地铁站里的实验

作者:周云龙
美国媒体二00七年的一个社会实验:一位男子在地铁站用小提琴演奏了巴赫的六首作品。他前面的地上,放一顶口子朝上的帽子。没有人知道,这位卖艺者是世界上最伟大的音乐家之一约夏.贝尔。他演奏的是一首世上最复杂的作品,用的是一把价值三百五十万美元的小提琴……

在约夏.贝尔演奏的四十五分钟里,大约二千人经过,只有六个人停下来听了一会儿,大约二十人给了钱就匆匆离开,他总共收到三十二美元。而两天前,约夏.贝尔在波士顿一家剧院演出,所有门票售罄,聆听他演奏同样的乐曲,平均得花二百美元……

这个实验,给人什么启示?电视圈的朋友甲点评说,环境影响人的评判能力t,环境决定一切!乙补充说,平台太重要啦!丙举例说,不是江苏卫视这样的平台,会做出《非诚勿扰》那样炫目的舞台吗?孟非一个歪瓜裂枣型的主持人能出得来吗?他还可能有那么大的影响力吗?

约夏.贝尔在地铁里的演奏,据说是《华盛顿邮报》主办的关于感知、品味和人的优先选择的社会实验的一部分。实验结束后,《华盛顿邮报》提出了几个问题:一、在一个普通的环境下,在一个不适当的时间内,我们能够感知到美吗?二、如果能够感知到的话,我们会停下来欣赏吗?三、我们会在意想不到的情况下认可天才吗

地铁站的这个实验,内涵很丰富,操作蛮简单,它不过是利用了人们的审美惯性:地铁站里演唱的,都是为生活所逼卖艺的流浪汉。事实上,为生活所逼卖艺的人群中也可能有音乐天才。但是,要让以工薪阶层为主的“地铁一族”在行色匆匆之中能做出准确的判断,那是中彩的概率。说实话,高雅的音乐,本来就属于环境优雅的剧院,本来就属于自愿购票出入剧院的文人雅士。
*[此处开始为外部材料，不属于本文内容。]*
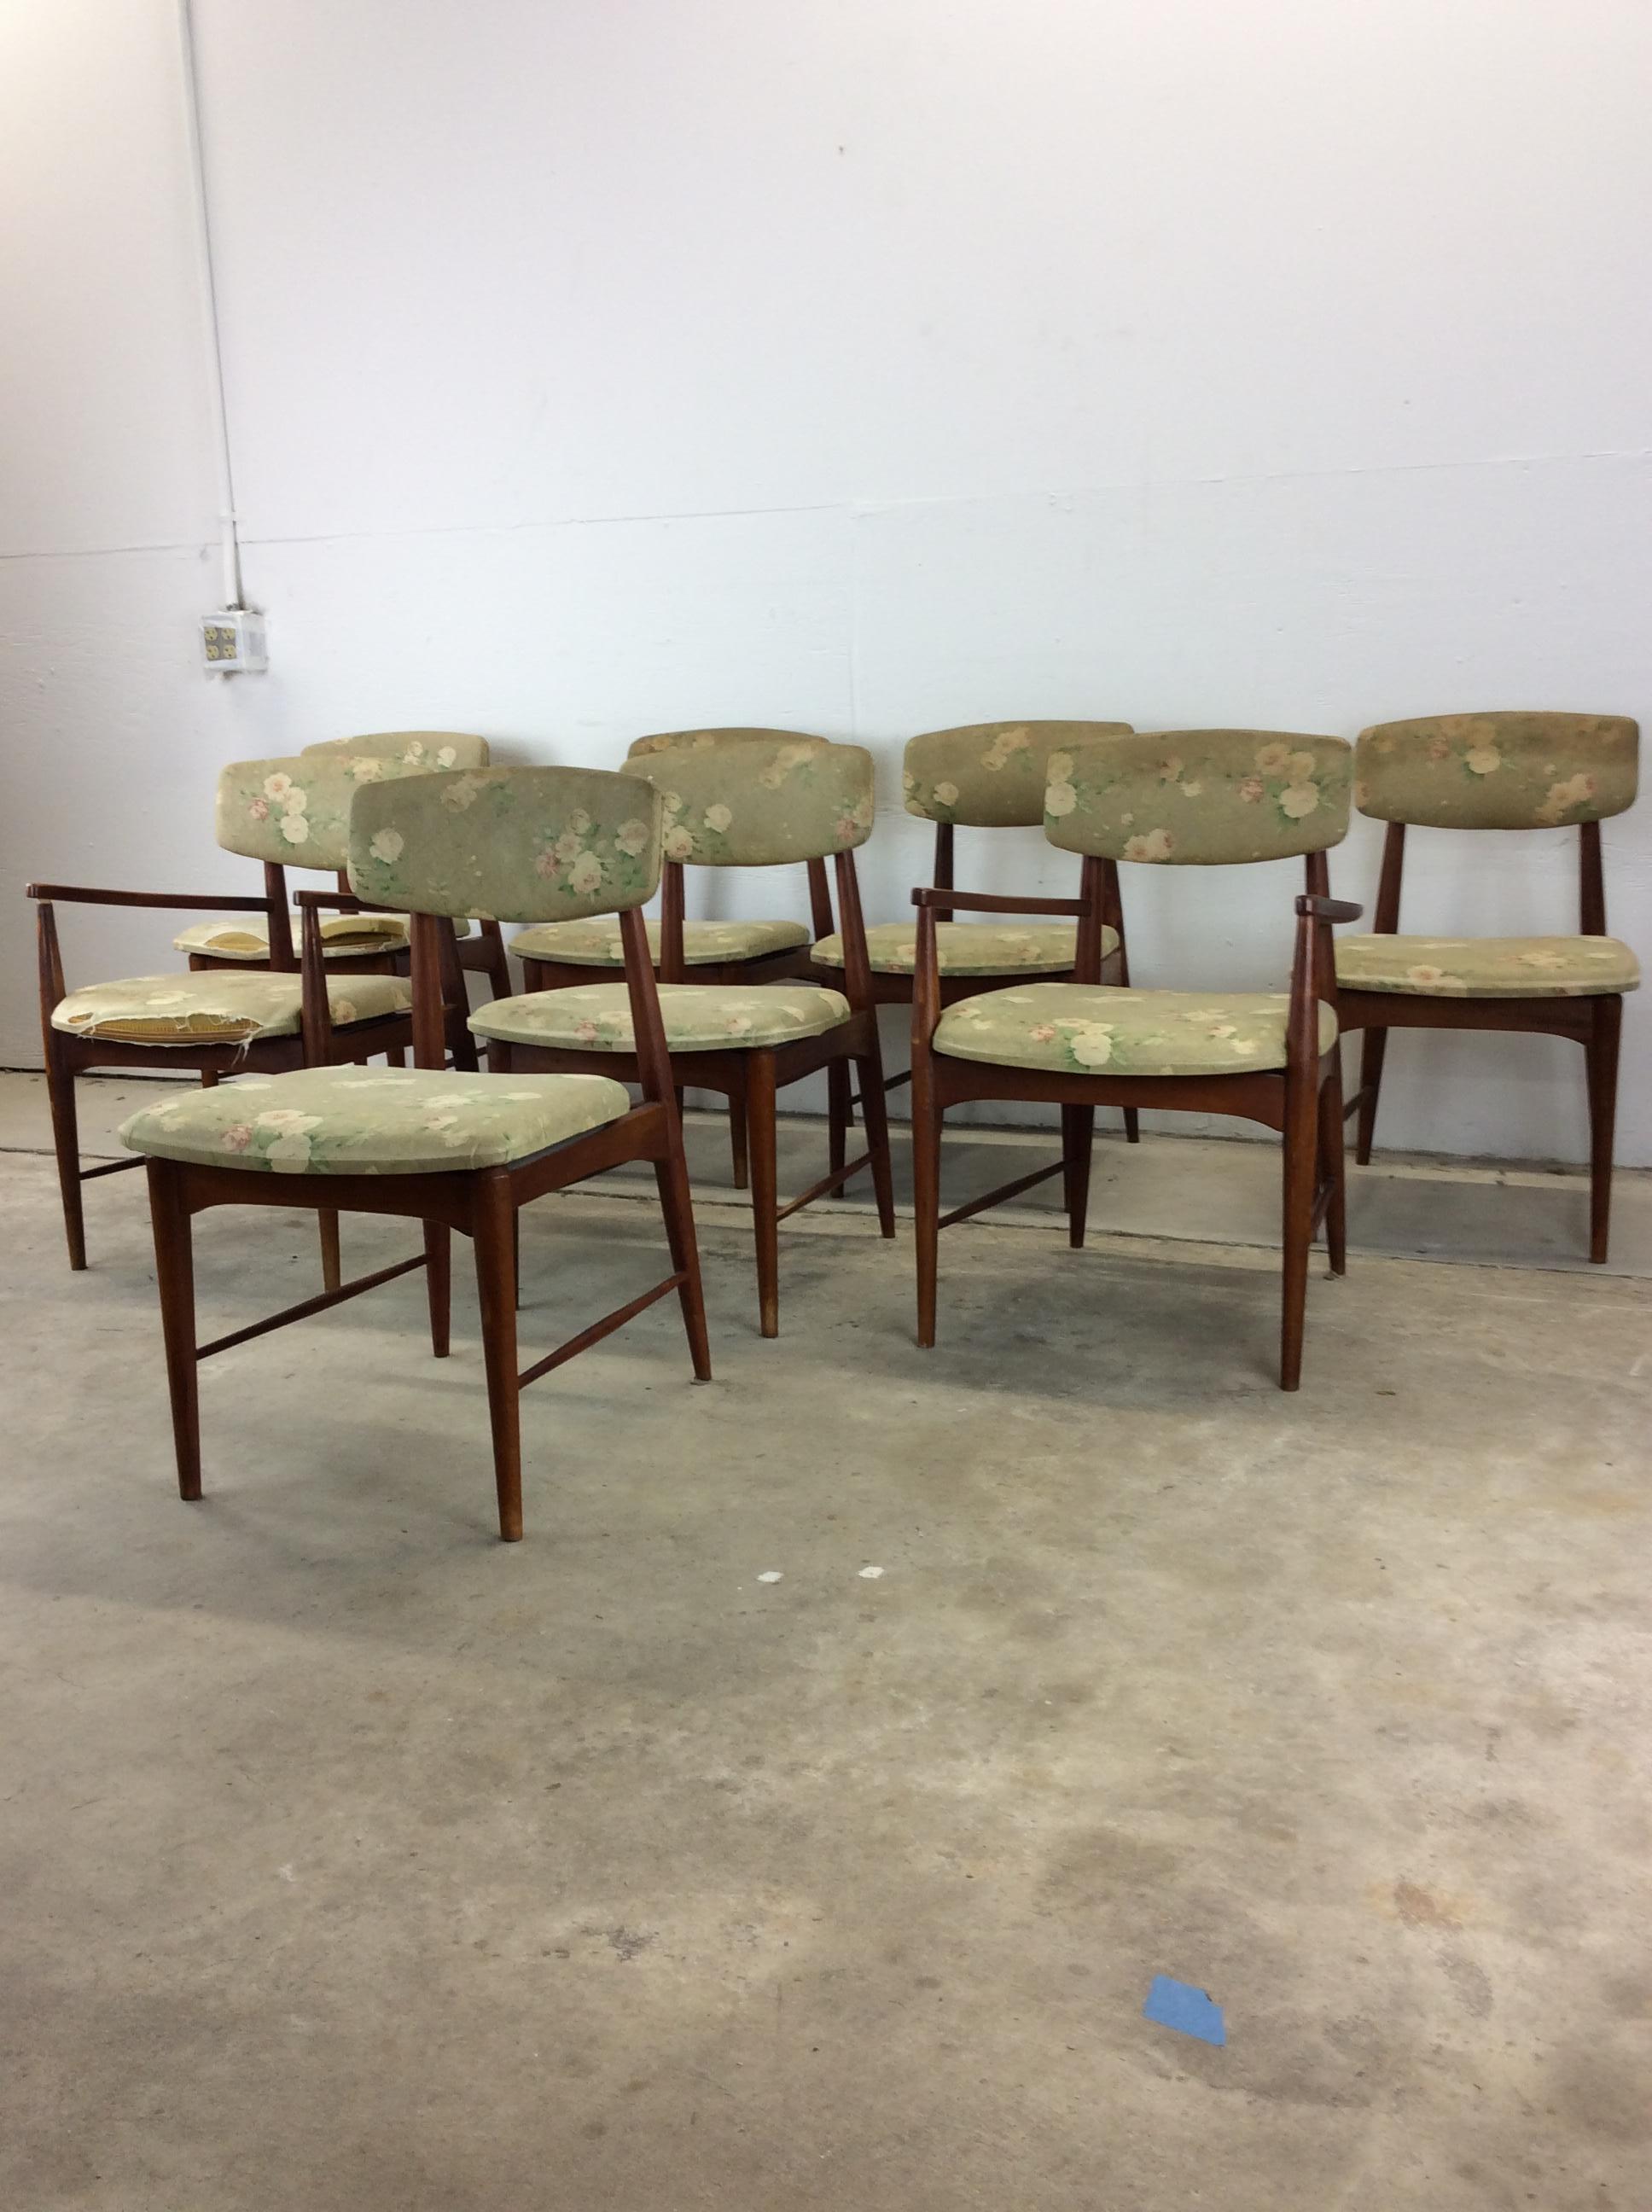 Set of 8 Mid Century Modern Dining Room Chairs with Vintage Upholstery In Good Condition For Sale In Freehold, NJ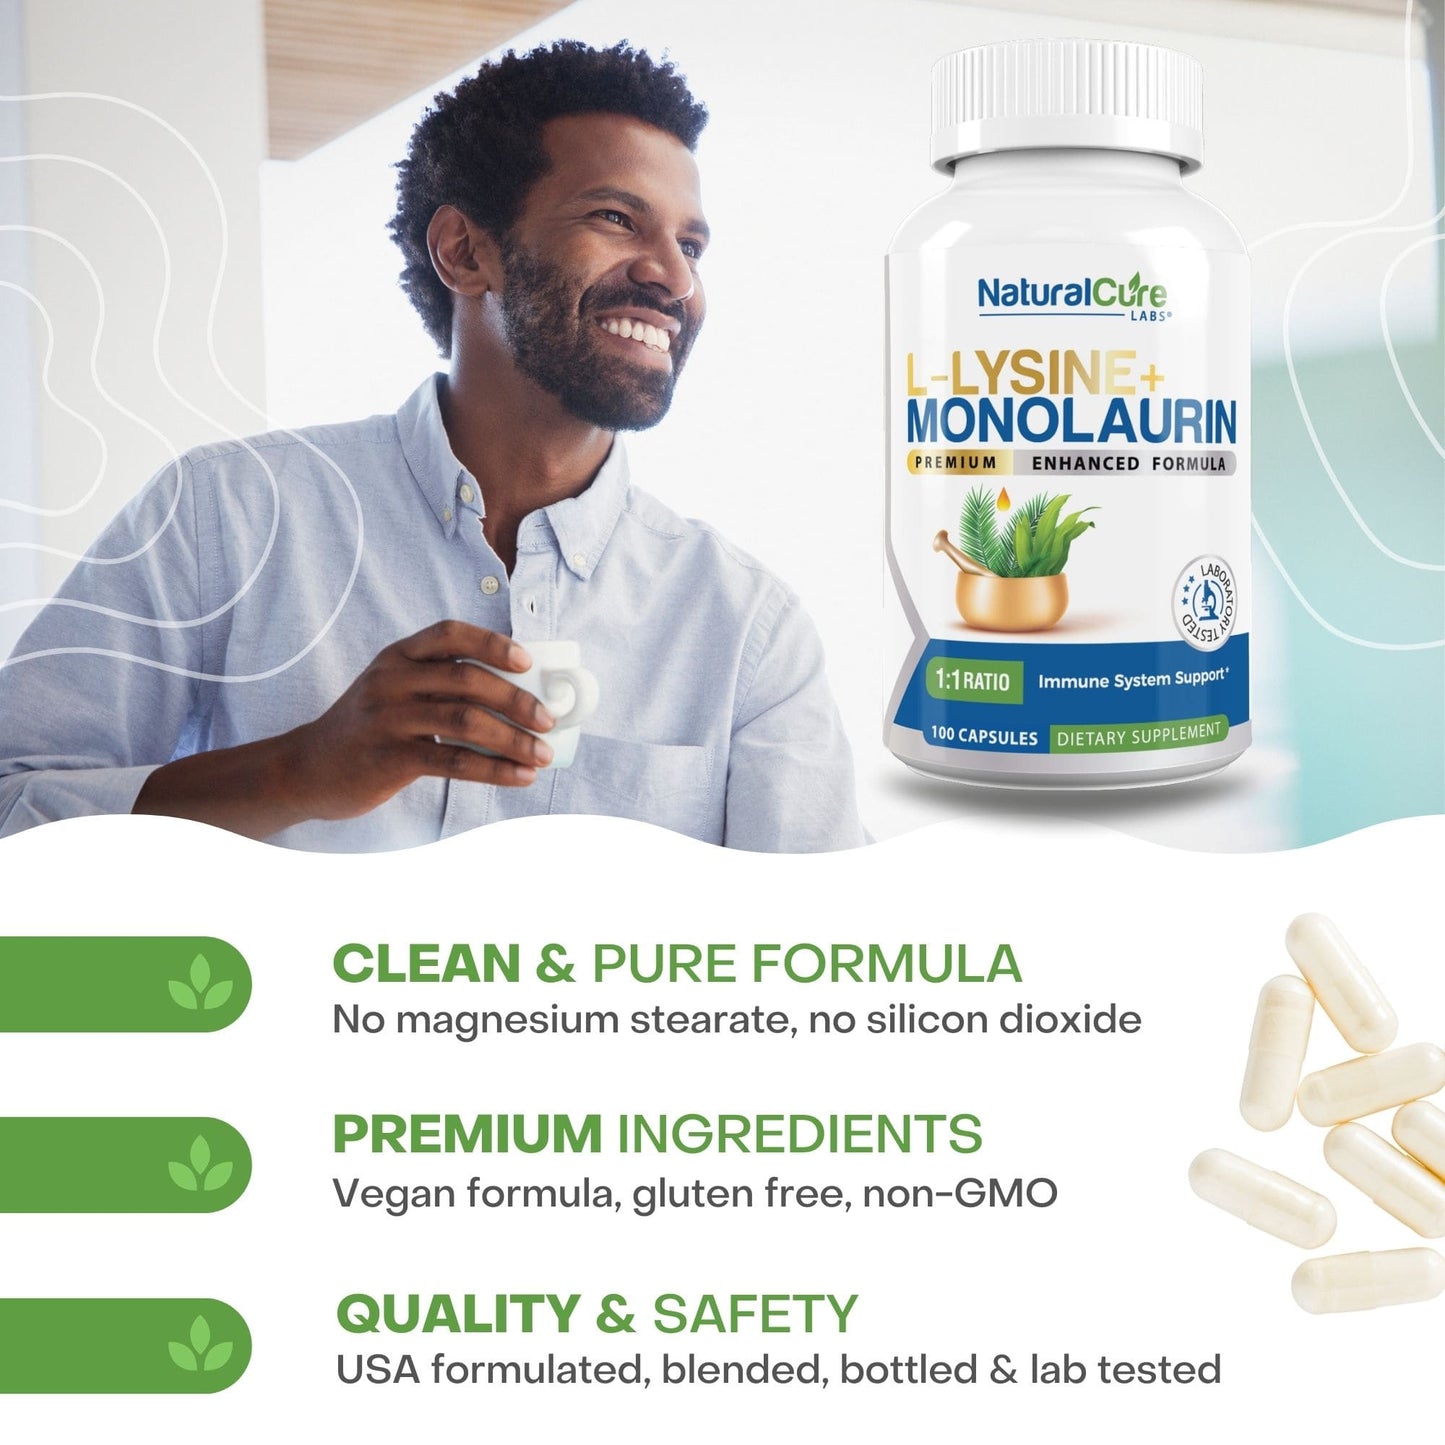 
                  
                    A content man enjoying a healthy lifestyle with a bottle of NaturalCure Labs L-Lysine + Monolaurin, emphasizing the monolaurin benefits for well-being along with a pure and clean supplement formula.

美国地铁实验者最后得出的结论是:当世界上最好的音乐家,用世上最美的乐器来演奏世上最优秀的音乐时,如果我们连停留一会儿倾听都做不到的话,那么,在我们匆匆而过的人生中,我们又错过了多少其他东西呢?

其实,与我们的错过相比,那些美好的人物、东西被错过,哪个更值得可惜呢?实验,可能只是虚拟的情境,但是,现实的生活中,就是现在,还很可能有?未被发现的音乐天才,正混迹于地铁站,任许多人走过、路过,也错过。

其实,一万人错过也无妨,但是,那双可以引导他走出地铁站走向大剧院的慧眼,不能错过。一个正常的健康的社会,也不该让他一直被错过。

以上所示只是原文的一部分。